Map buried somewhere in my panniers – I’ll up date this when I find it.

I had two good views of our boat before we boarded; the first from the road into North Sydney as she was coming into dock (on the right):


…and then from a great coffee place I found behind a new outdoor gear shop. The couple who owned both the store and the cafe were very friendly, and took regular long-distance walking holidays in the UK. They were thinking of trip to an area I know well, East Anglia, so we looked at maps together and I raved about the north Norfolk coast, of course. They had been to Cambridge and Ely before, but never east into the Broads, or Norfolk proper.


After checking in at the ferry gate I sat for ages, dozing and reading in the terminal, before they lined us up for the windy boarding. There were many cyclists on this crossing, including Lisa from Wisconsin (sorry to have said that you cycled from there – wrong! Vermont, I should have said), and I spoke with Jocinda (sp?) and Sam who had come from Vancouver. A family of mum and dad and two lads were also heading over to explore Newfoundland. The lads were really excited, as any right-minded person should be when waiting to board a ferry on a bike, and I loved seeing their uninhibited thrill at it all. In charge of your own vehicle, boarding a major form of transport. You could see how much it meant. However, it transpired that because they were under eighteen they were not permitted to cycle aboard, so had to stand around waiting for a van to portage them across. Their time will come.

I got upstairs quickly after strapping down the bike on the car deck, and grabbed a nice selection of surfaces in the forward lounge to call my own for the next sixteen hours (the ferry is really not that busy so I needn’t have hurried):


Until quite recently I had no flight booked home and no ferry booked over to Newfoundland. Once I could safely guess my return date I booked them both, but it was too late to get a cabin, so I knew that I’d be sleeping on the sofa wherever I could.

It was a nice big lounge, with a bar and a dad-and-daughter country music duo playing on the stage once the ferry got underway. “We’ll be here ’til eleven, so kick back!” Cue some country classics, original compositions from the daughter (not bad) and a less great medley of Elvis numbers. (As they headed towards the end of their last of three sets, I looked up from my book to see that a couple had been doing the ol’ mum-and-dad-dance, rocking gently around together in the middle of the half-empty lounge, in the middle of the Gulf of St Lawrence, to a slow, maudlin number about being unlucky in love. It was a very touching sight, from a couple who looked to me like they’d probably been pretty lucky in love.)


I’d brought food with me, so got a beer and ate, read, put my watch forward by half an hour – one of very few places in the world that make this time change – and stared at the sea through the cabin windows.

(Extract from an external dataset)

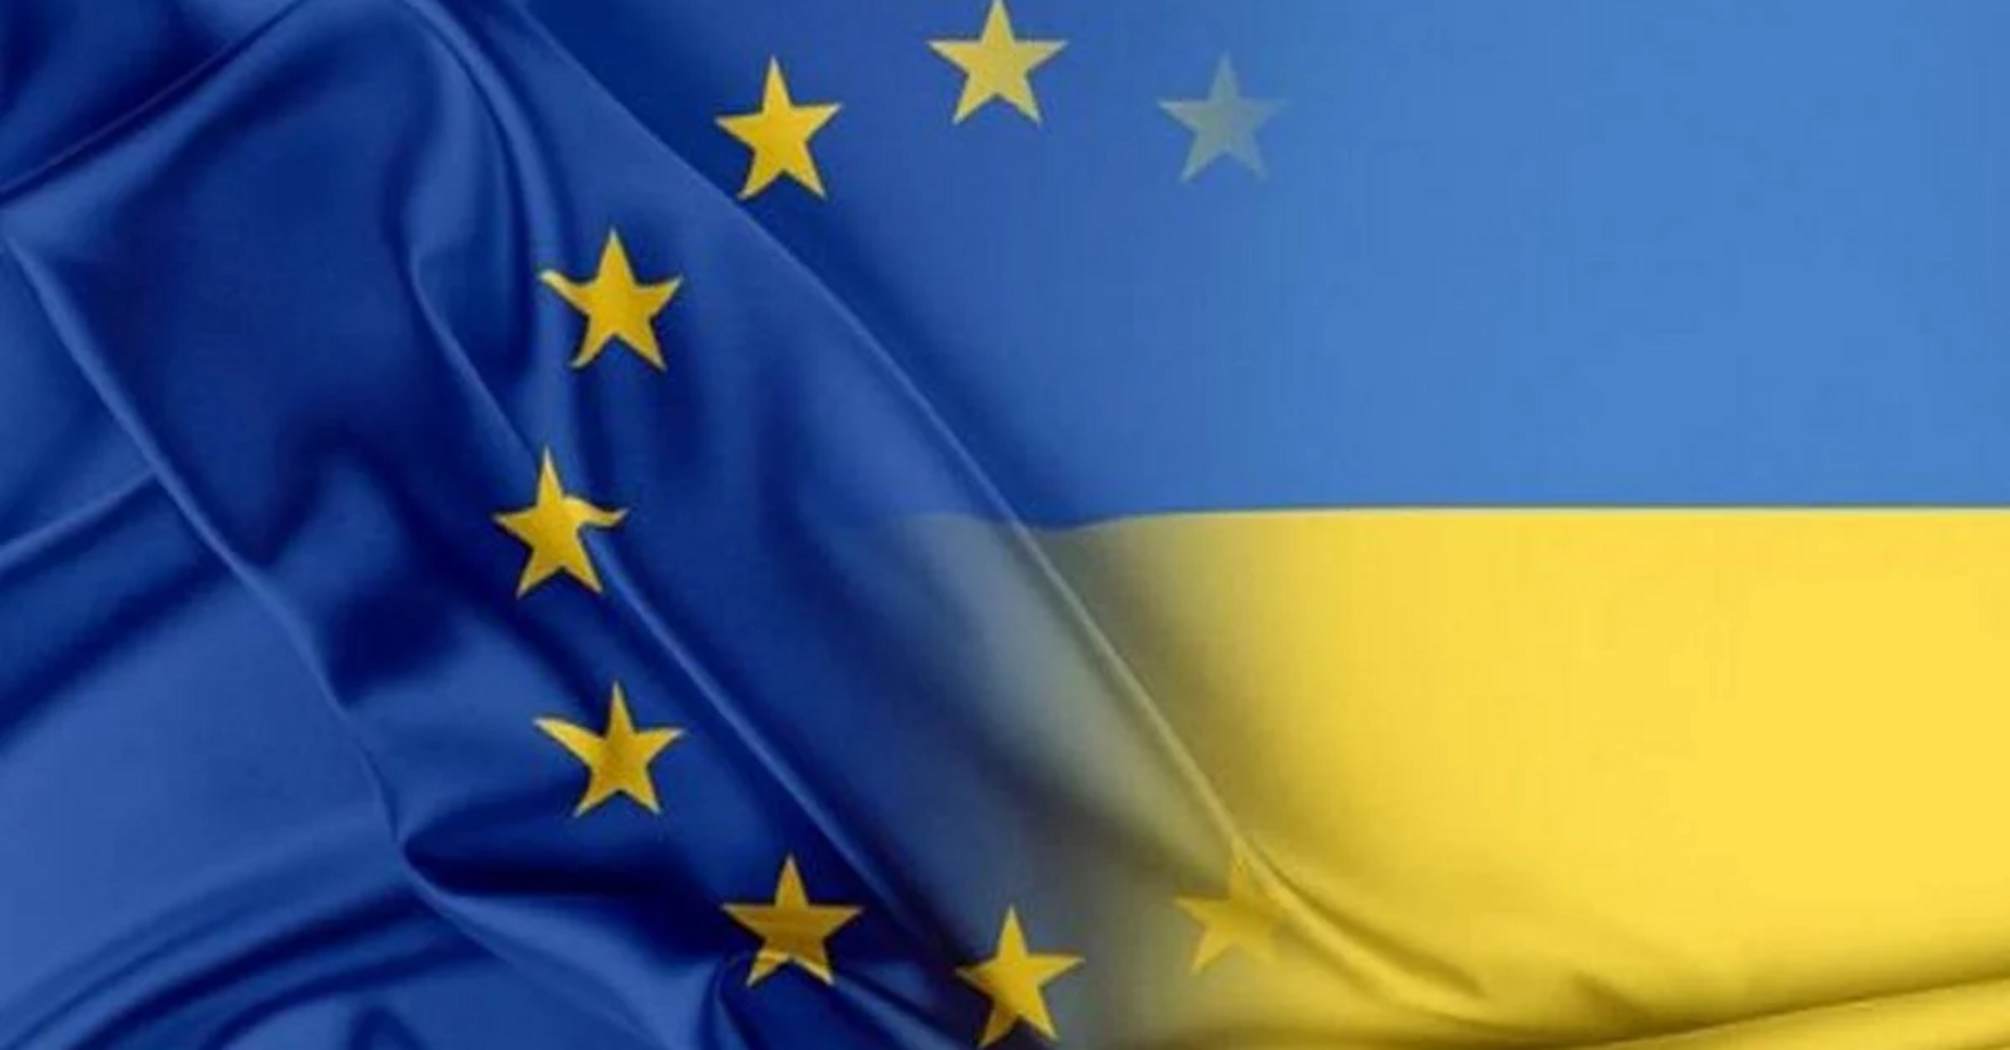 Bruksela naciska na rozpoczęcie formalnych rozmów w sprawie członkostwa Ukrainy w UE już 25 czerwca - Politico

Despite the wind, it’s actually no worse than a normal Dover-Calais run. You know you’re at sea, but this is a big ferry and isn’t really bothered by a gentle swell.


After the band finished I took a late stroll on deck in the dark before trying to get some sleep, thinking about the many nights on deck with the English Chamber Orchestra on the week-long Music Cruise we did almost every September for the twenty years I was with the orchestra. We would play a concert before the formal dinner (there was a bit of work involved) and then be free for the evening. John Mills and I would settle in to a table on the rear deck after dinner with an ice bucket, a bottle of white and several glasses and just see who turned up. The Mediterranean would look gorgeous under the night sky, often with a scenic Greek, Turkish, Italian or African coastline twinkling in the distance, and we would talk about whatever rubbish entered our heads. If you got peckish and it was after two, you could nip down to your cabin, order room service then carry it back up on deck for everyone to snack on. When the casino closed we would be joined by the slightly worse-for-wear gamblers, often with their change cups worn on their heads like a fez. This was always the sign that a confused and indiscrete conversation would follow, protected by an unspoken ring-of-trust. If you thought about going to bed, that meant it was probably time for a jacuzzi, also on deck, where you might be joined by the celebrity soloist from the concert earlier. For a musician used to admiring a virtuoso from the relative safety and distance of the orchestra, this could be an unnerving experience. Maxim Vengerov, violinist extraordinaire, loved a jacuzzi. The bar had shut one night (so that was a really late/early one) but he had the solution: “Champanski!” he cried, before dashing to his cabin and returning with a bottle of a Russian champagne for everyone to share. If you did a blind test, you’d honestly have said it was very cheap sweet cider. We asked him what the name on the label, in Cyrillic script, meant -“Hmmm….means…’Playful!’ ”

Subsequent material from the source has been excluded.